Aporreé la puerta hasta que el conductor, tan viejo como el autobús, me abrió. Me disponía a subir cuando a mi espalda sonó una voz plana, monótona.

—Está usted cometiendo un error, señor Dick.

Me quedé congelado con un pie en la escalerilla del autobús y el otro en el recalentado asfalto. Me giré lentamente, mi mano buscando el bulto bajo mi sobaco izquierdo.

—¿Ah, sí? —contesté—. ¿Y qué va a hacer para sacarme de él? ¿Matarme delante de toda esta gente?

Vendedor de Seguros levantó las manos y sonrió con aquella expresión que parecía lamentar que todo se hubiera desarrollado de aquella manera.

—No sea estúpido, Dick. No queremos matarle, sino ayudarle. Nosotros podemos sacarle a Dowland de la cabeza. Somos su única salida.

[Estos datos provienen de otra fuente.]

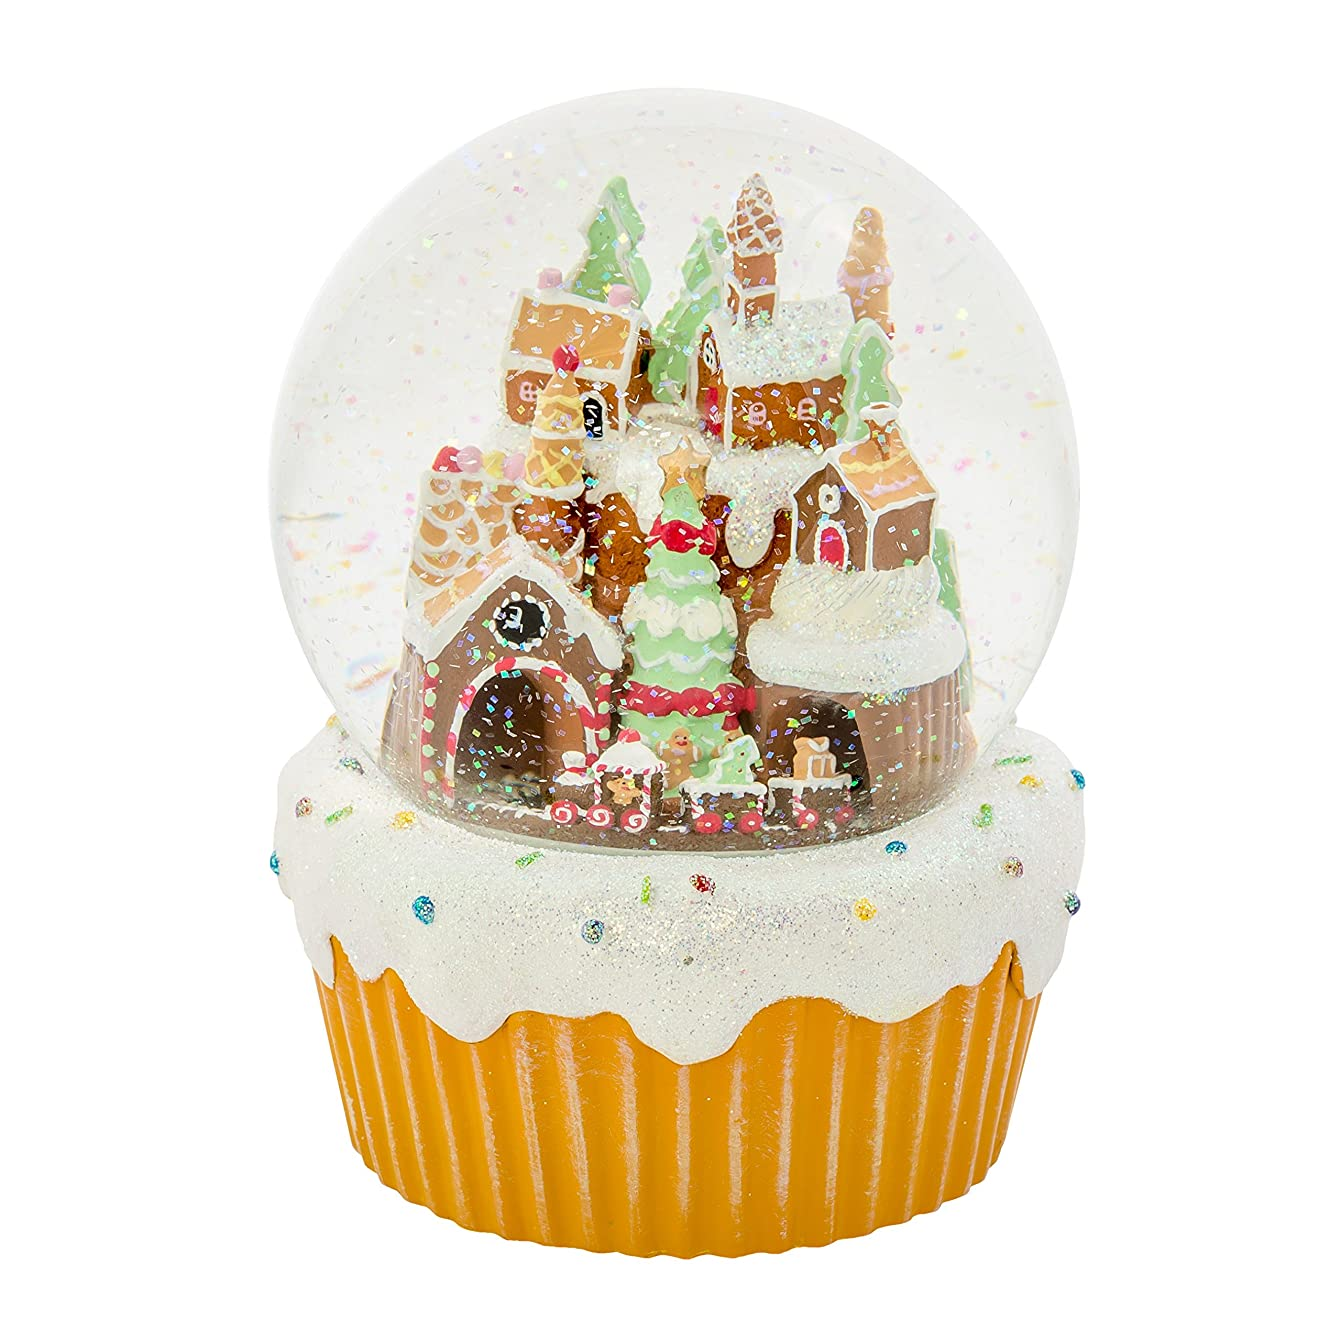 Roman Gingerbread Village Train 120MM Musical Glitterdome Water Globe Plays We Wish You a Merry
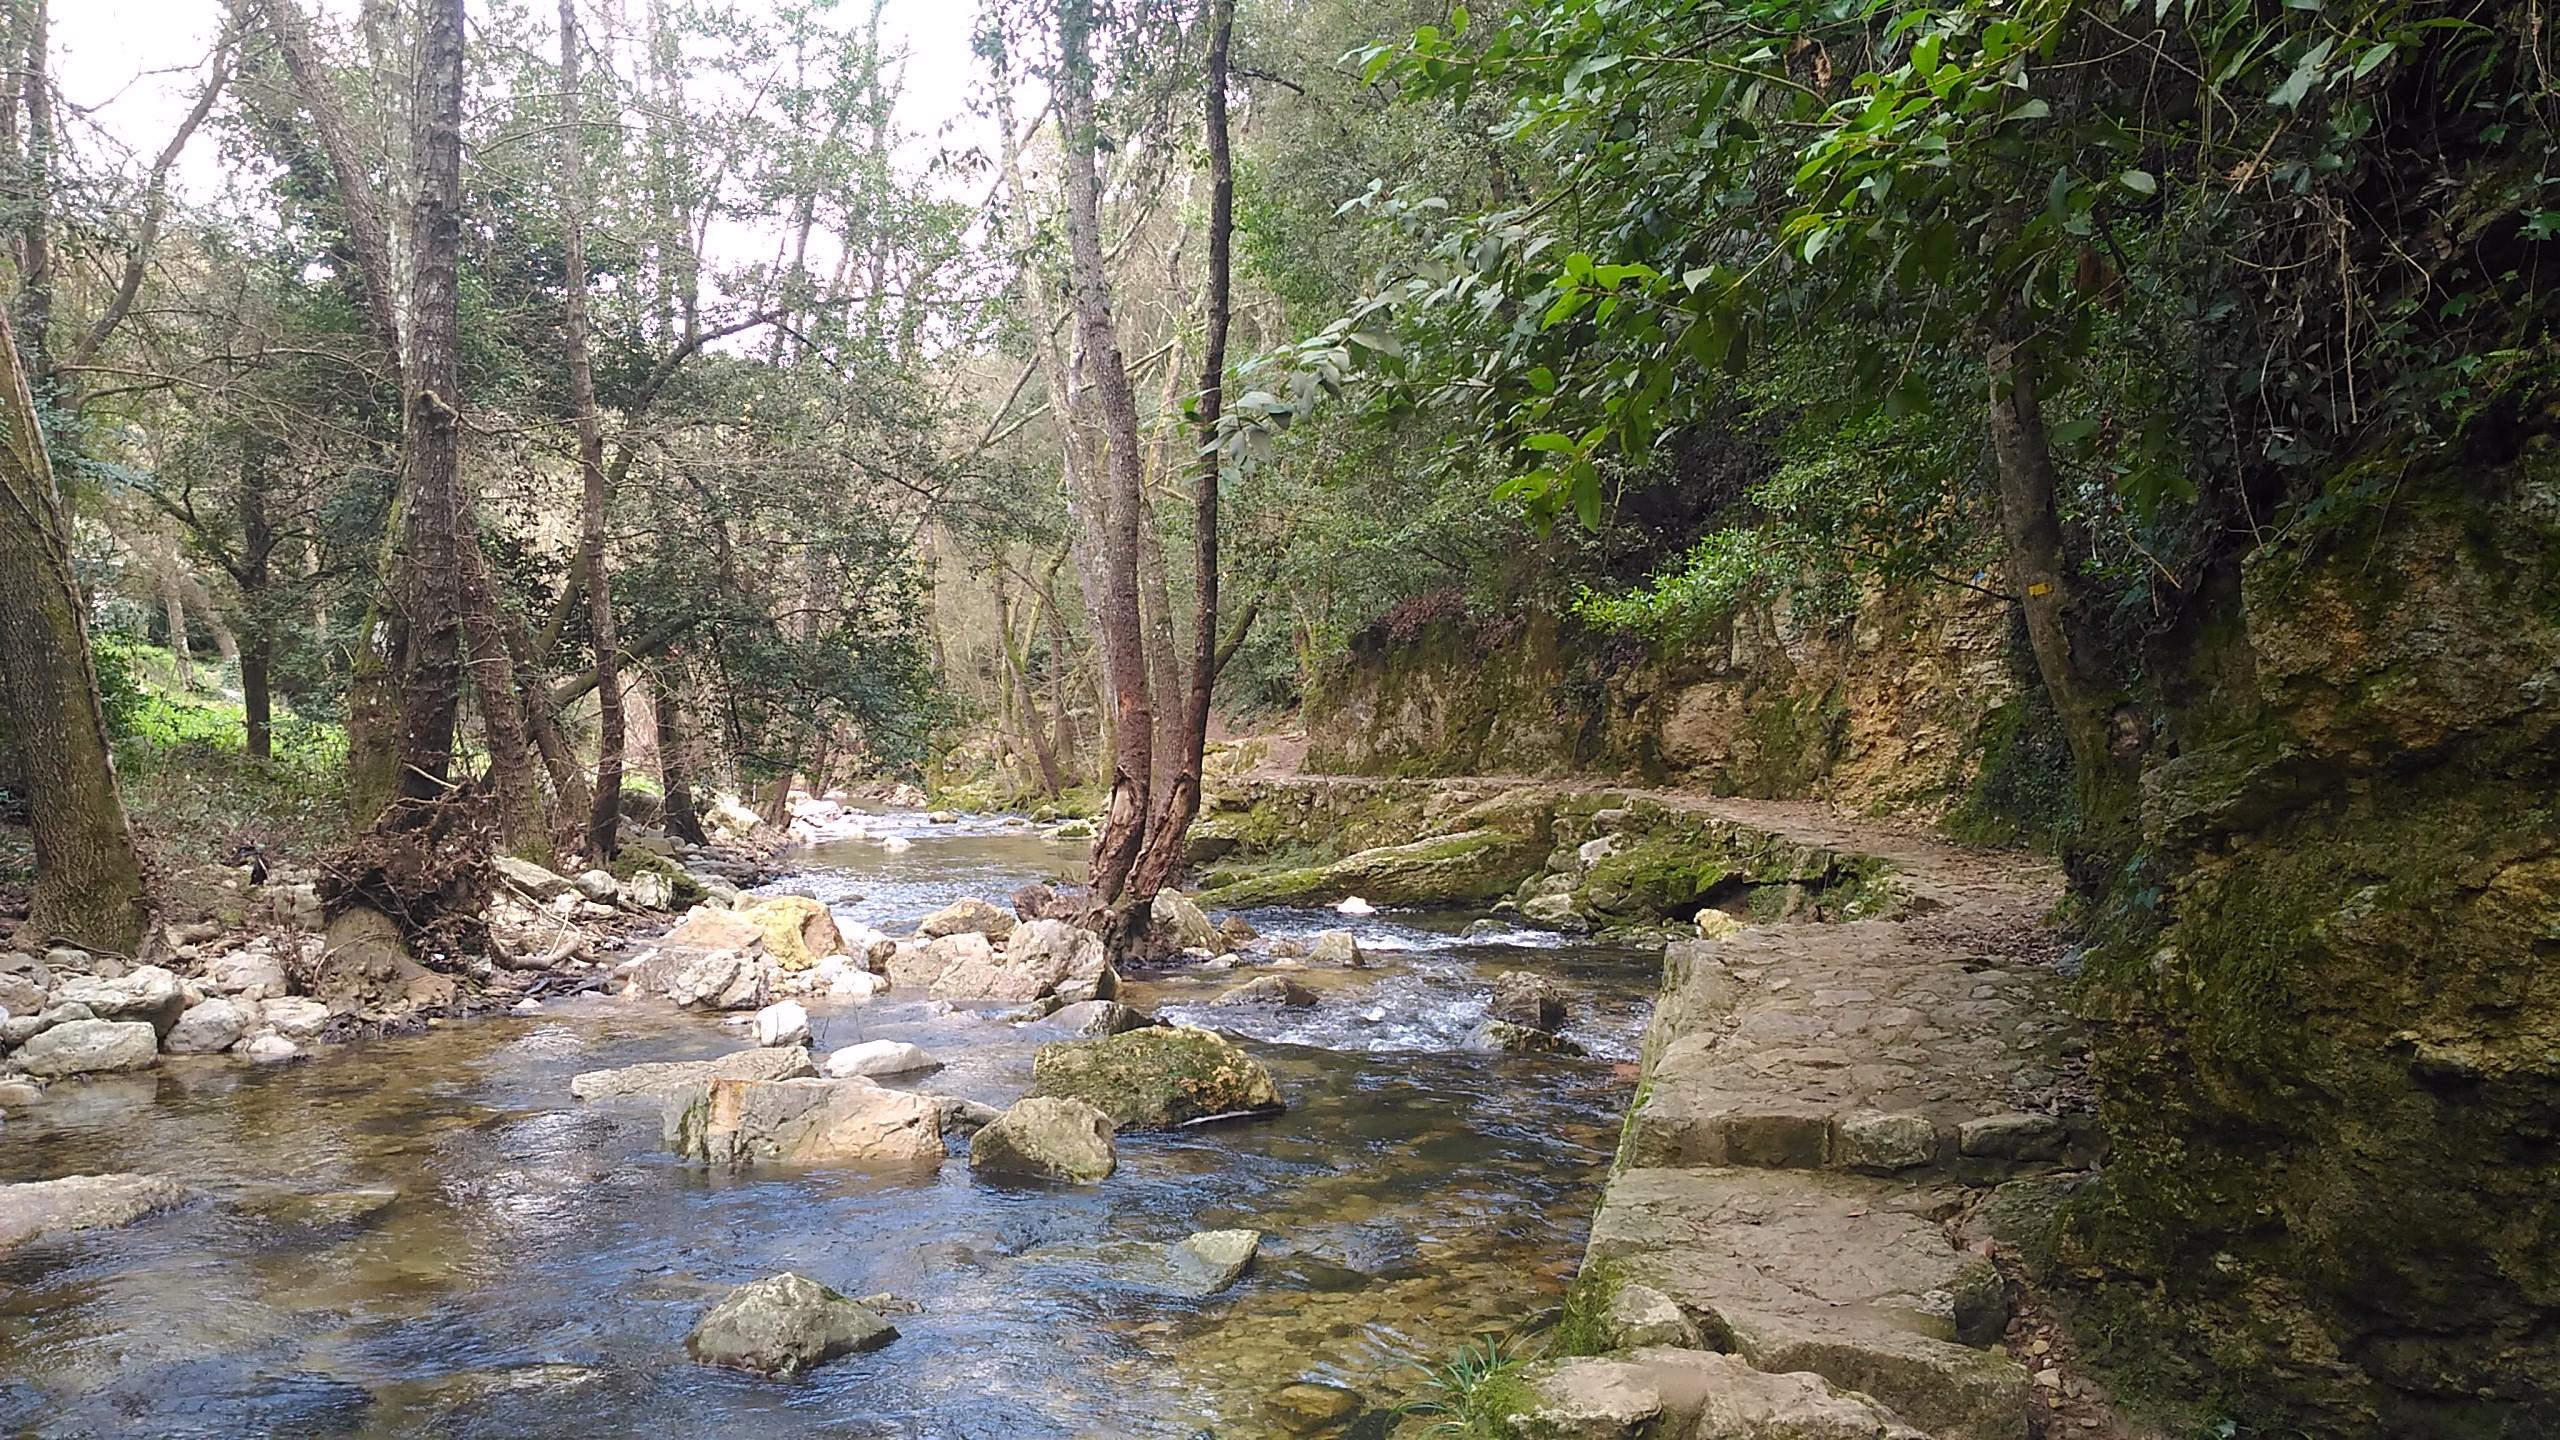 balade   pont des tamarins  u00e0 biot vers valbonne par la

—¿Quienes son “nosotros”? —pregunté.

No contestó. Nos observamos un rato, bajo la tensa mirada del conductor y los pasajeros. Una parte de mí quería creerle. Ceder. Que me sacasen a Dowland. Que se acabara toda aquella locura, aunque me tuvieran que freír el cerebro con electroshocks. Pero otra parte quería darle una oportunidad a Dowland, y no estaba dispuesta a acabar el asunto sin antes oír lo que él tenía que decir.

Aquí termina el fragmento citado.